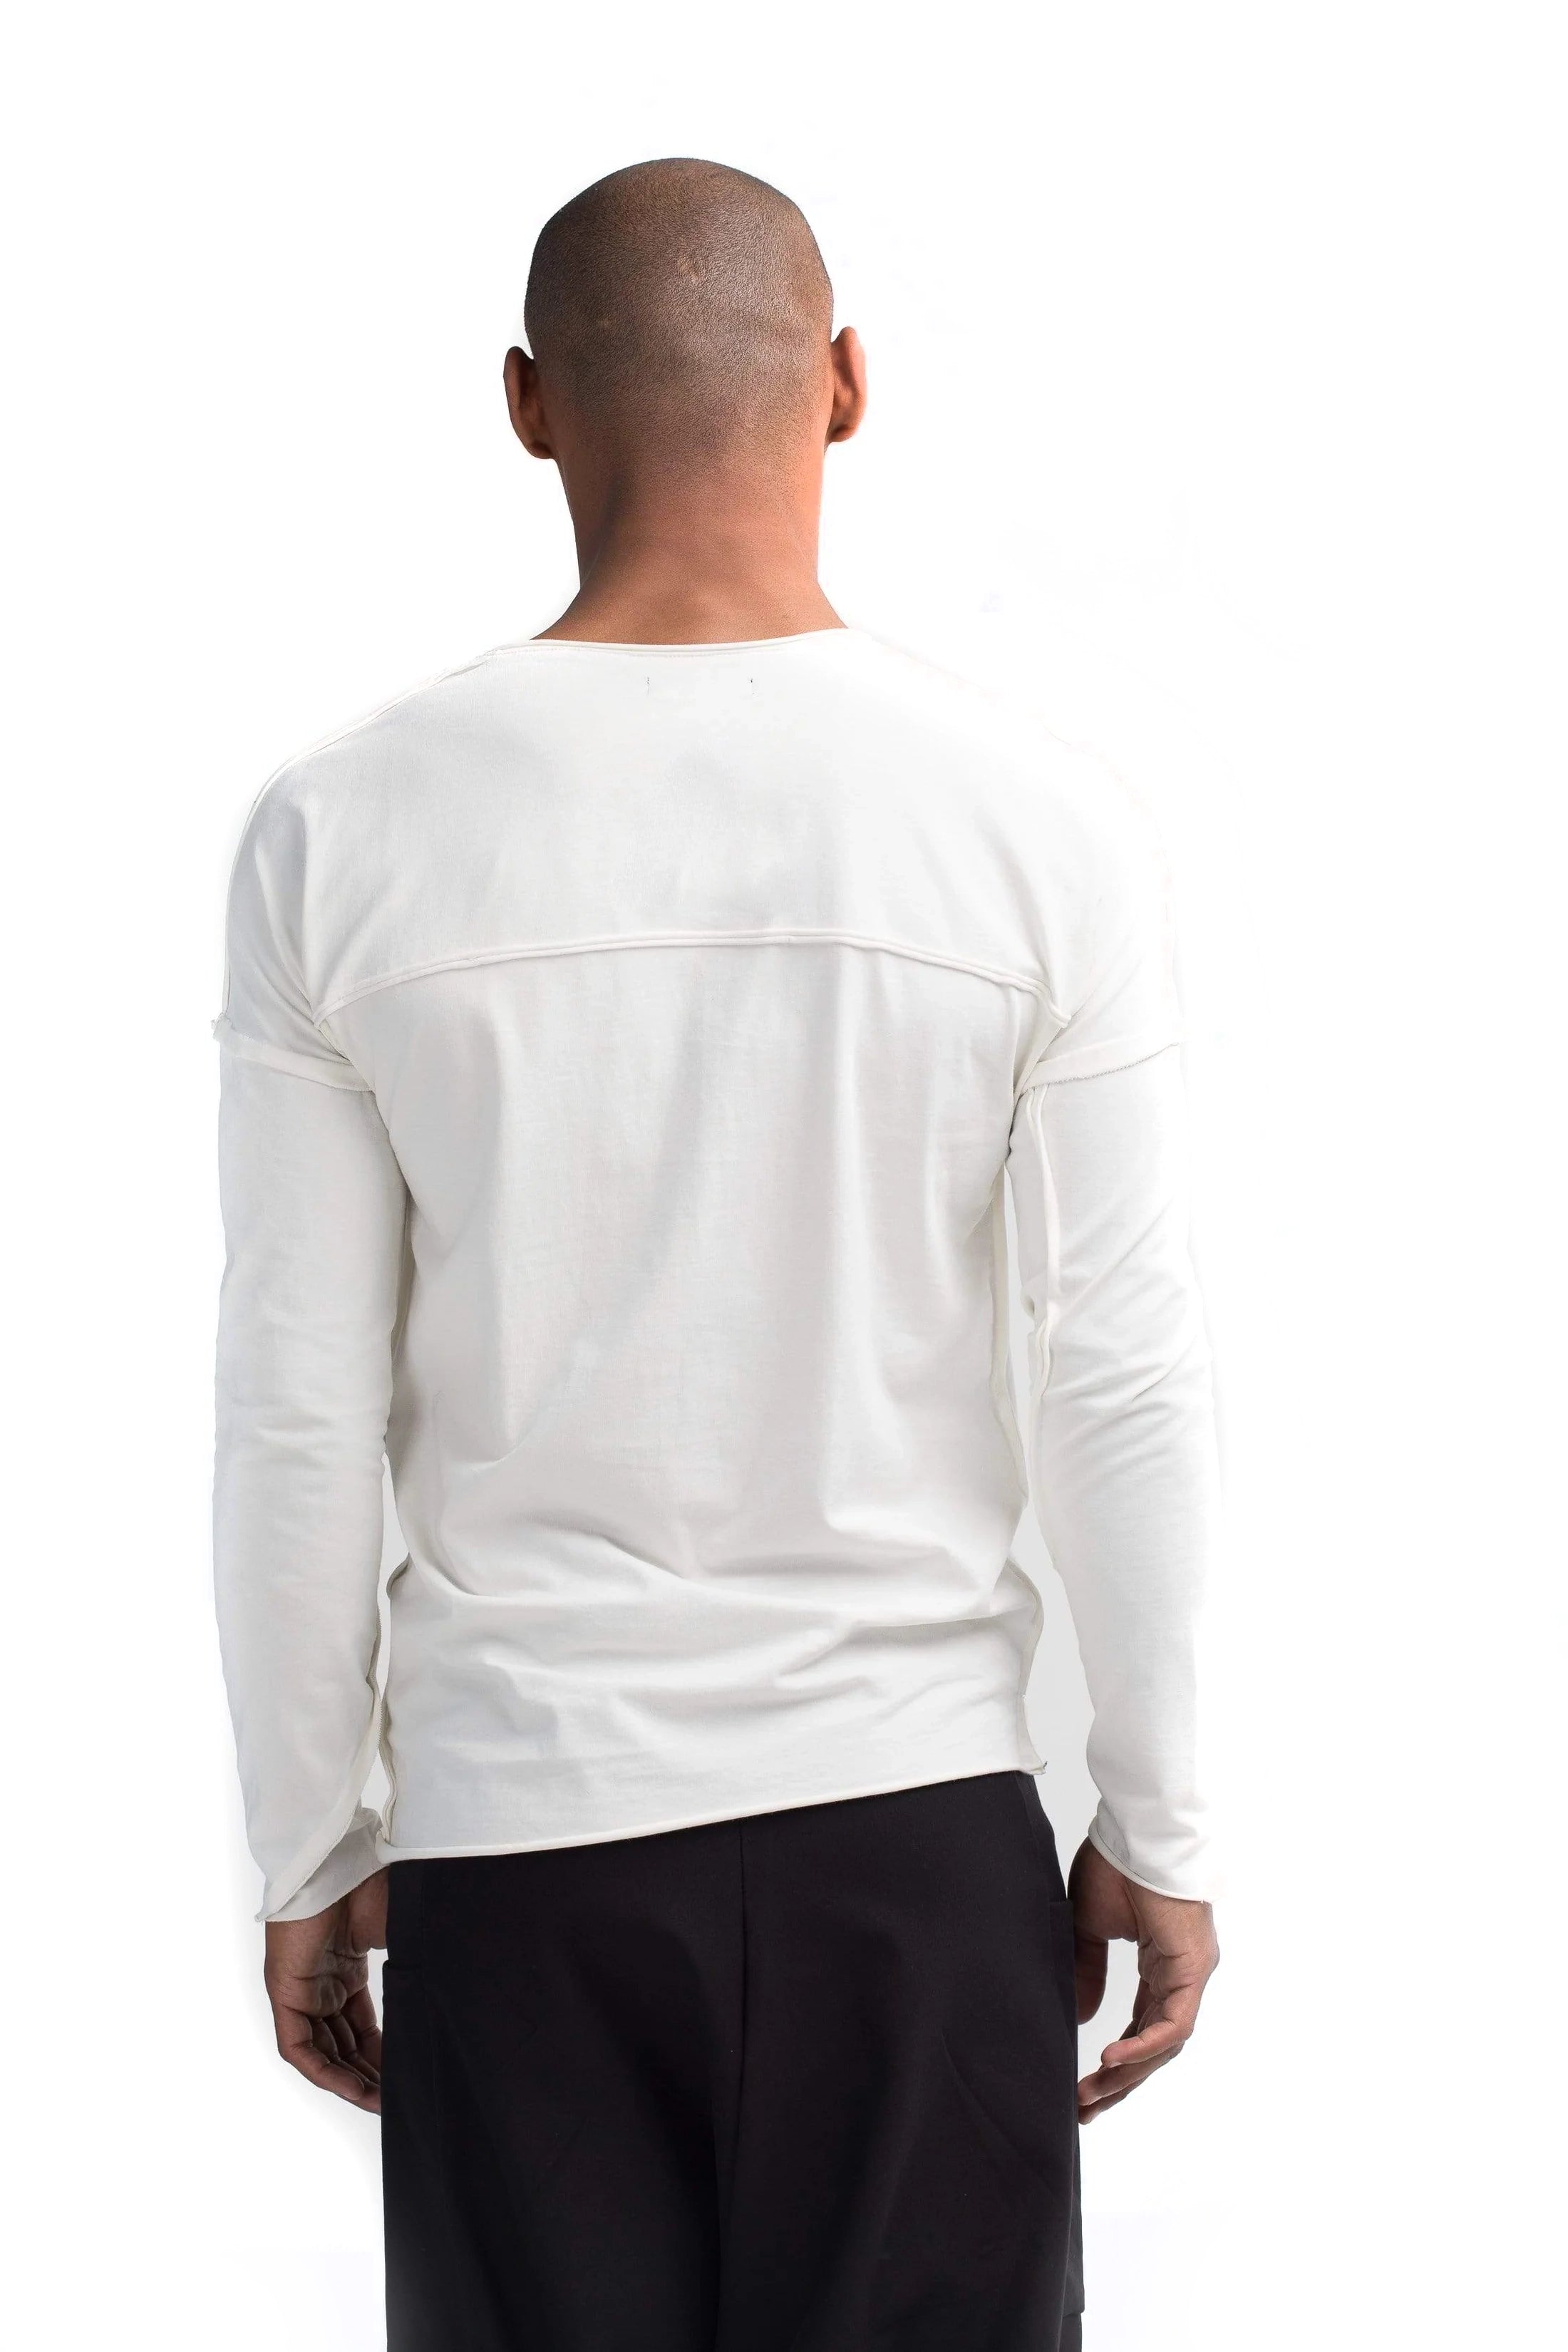 Bundle: 3x White Long Sleeve T-shirt
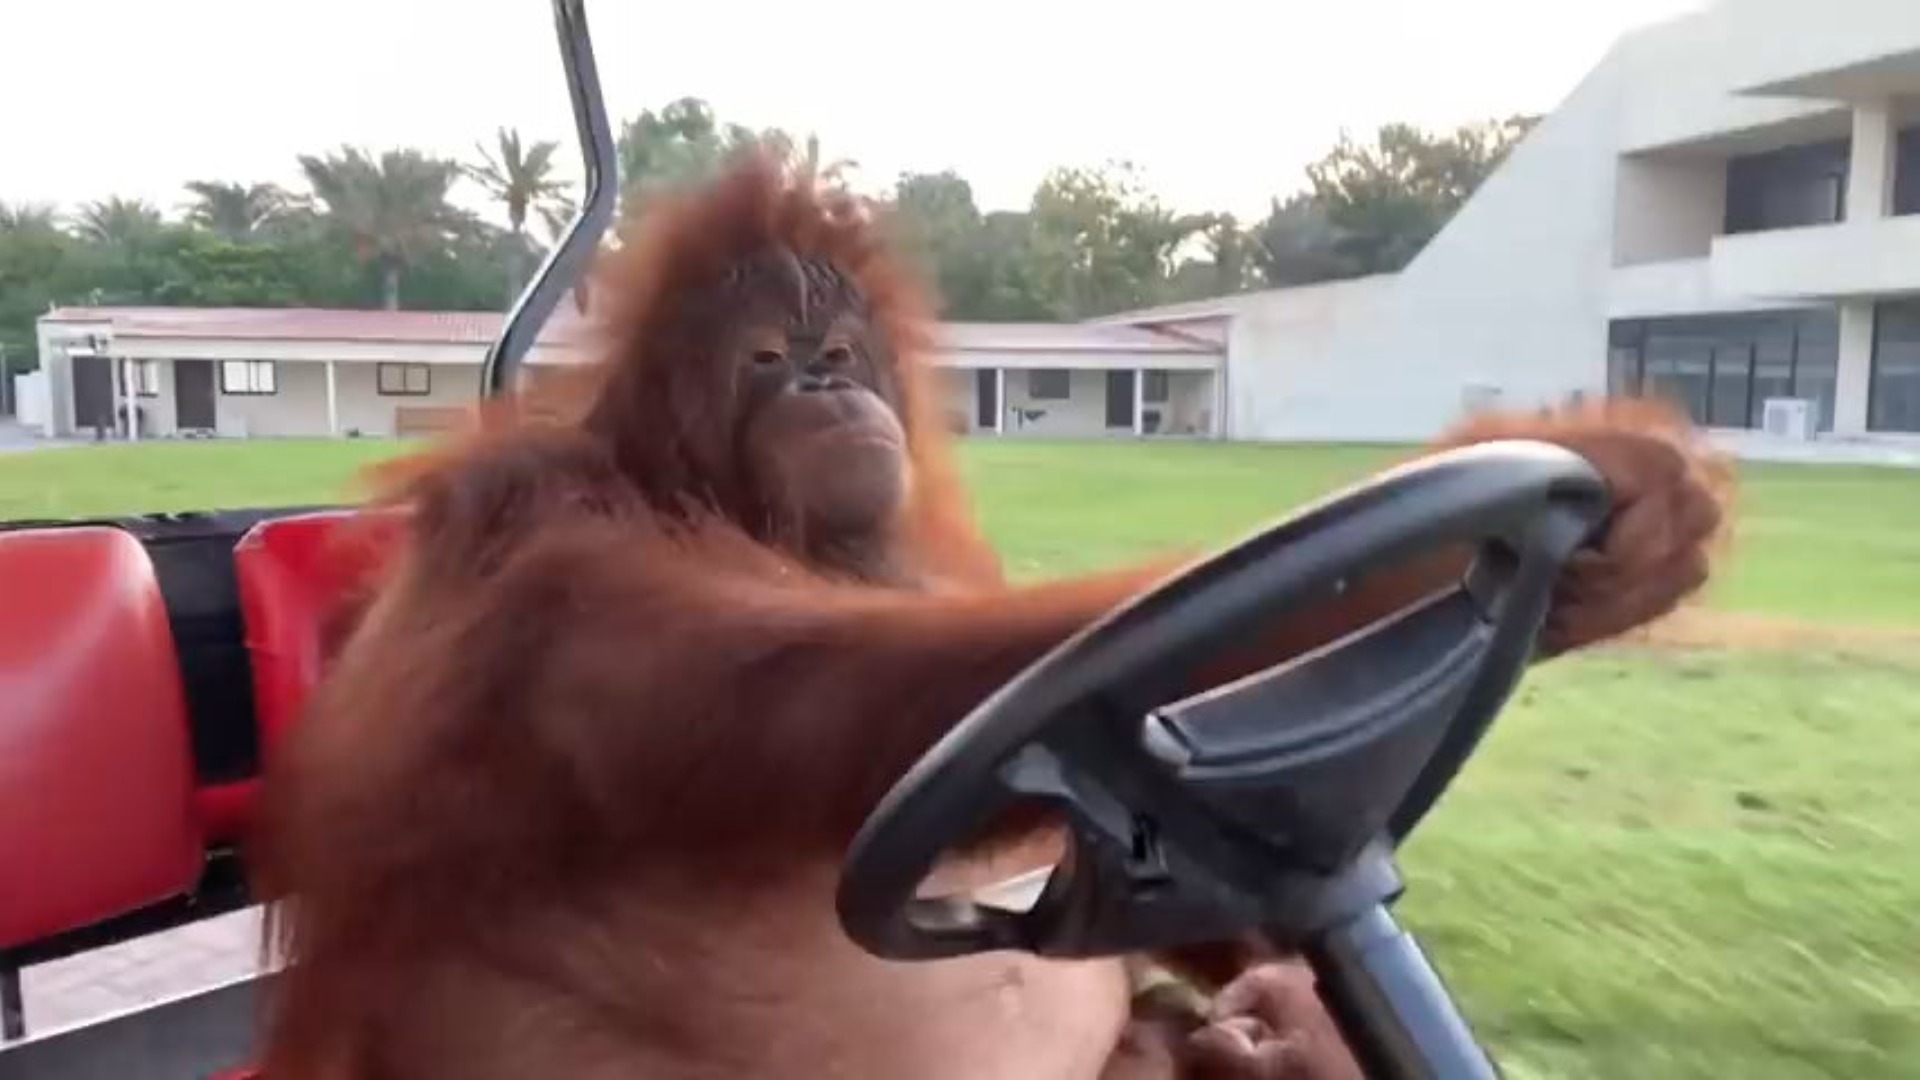 This orangutan is channeling his inner Tony Soprano
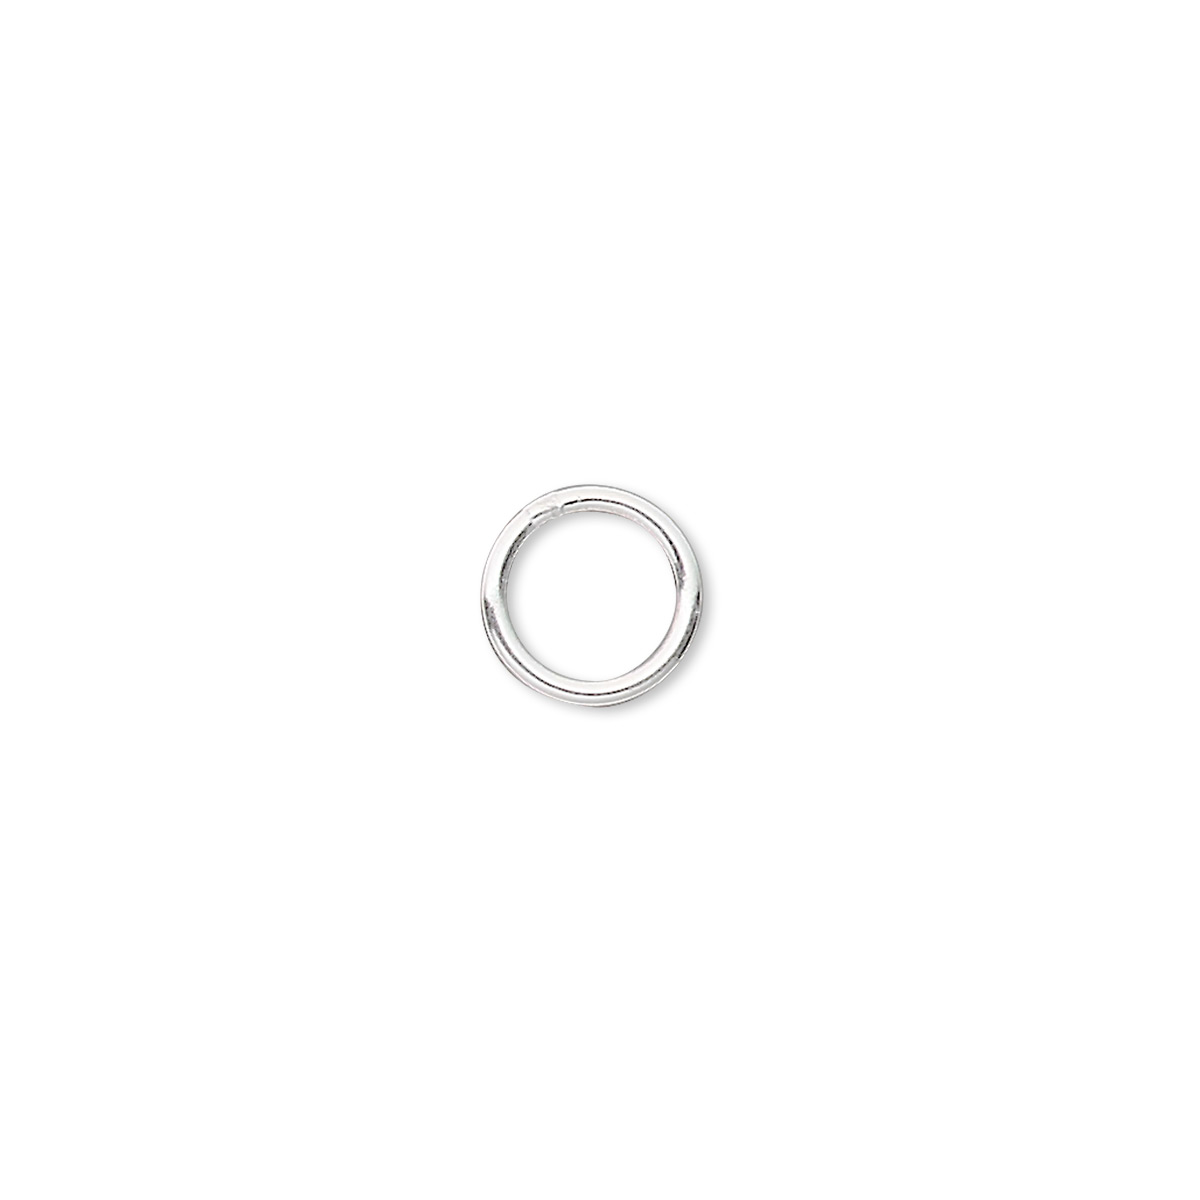 Jump ring, sterling silver-filled, 8mm soldered round, 6.2mm inside ...
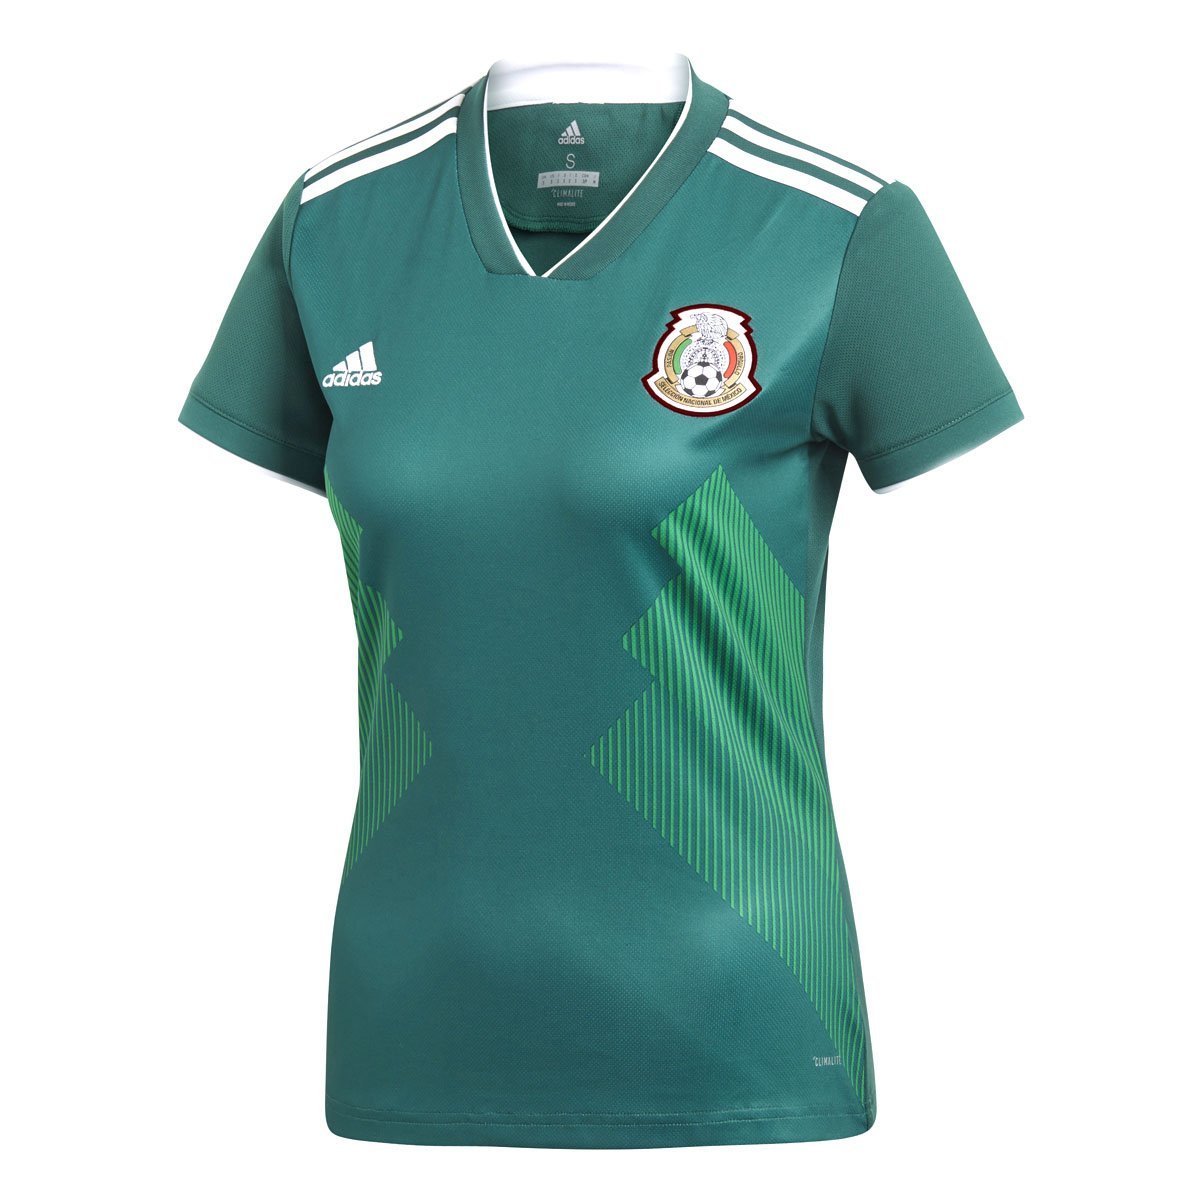 Adidas Jersey-Playera Rusia 2018 / Local Mexico - Dama
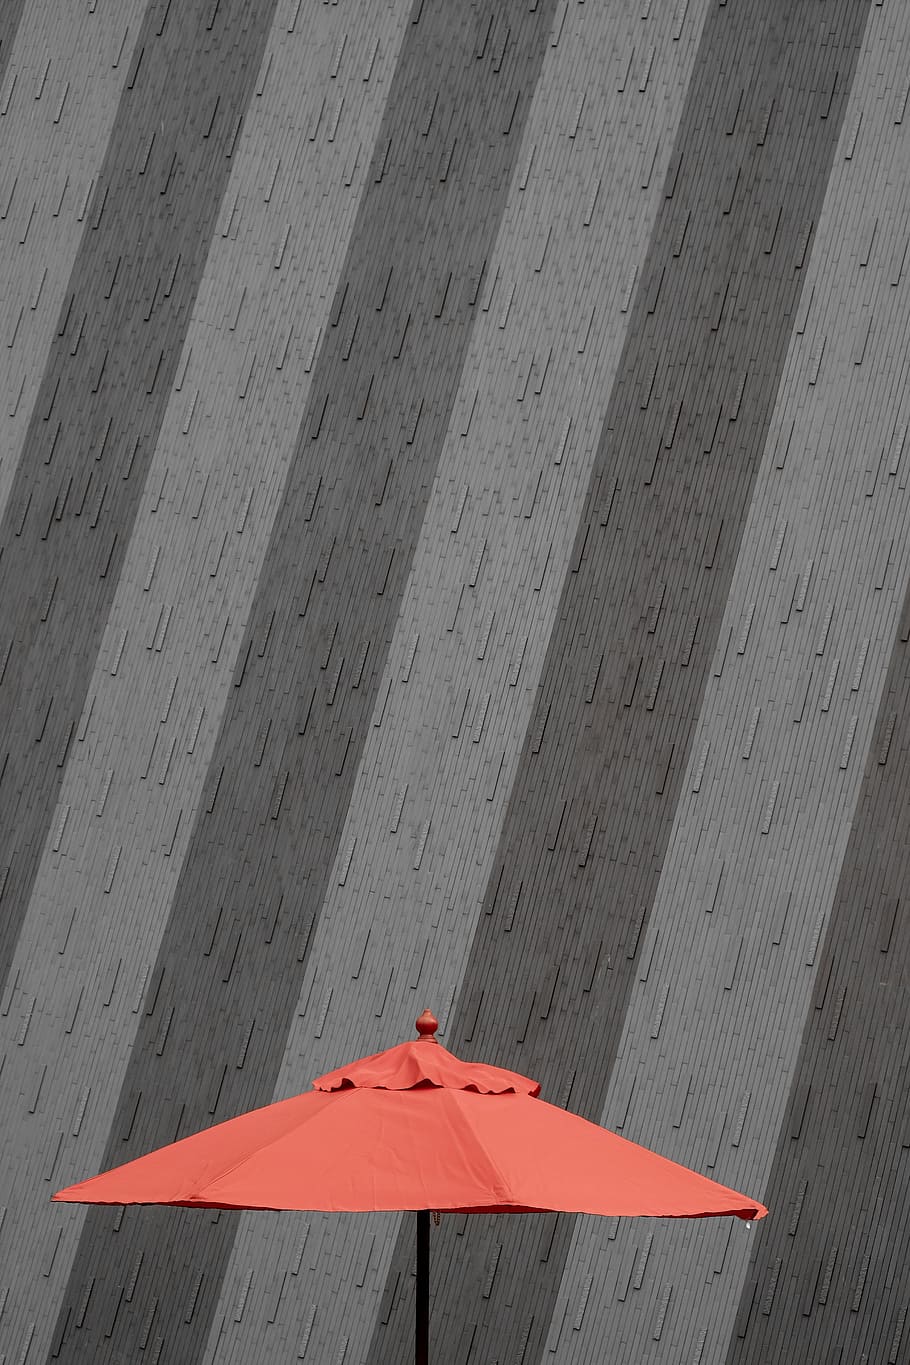 Closeup Photo of Red Patio Umbrella, architecture, building, city

^^^^^^^^

- REQUIRED ACTION
Everything from the line containing "Adidas Jersey-Playera Rusia" through the last line of the records above is to be reproduced exactly, except the pictures.

- SOLUTION FOR THIS TASK
 Adidas Jersey-Playera Rusia 2018 / Local Mexico - Dama
 Closeup Photo of Red Patio Umbrella, architecture, building, city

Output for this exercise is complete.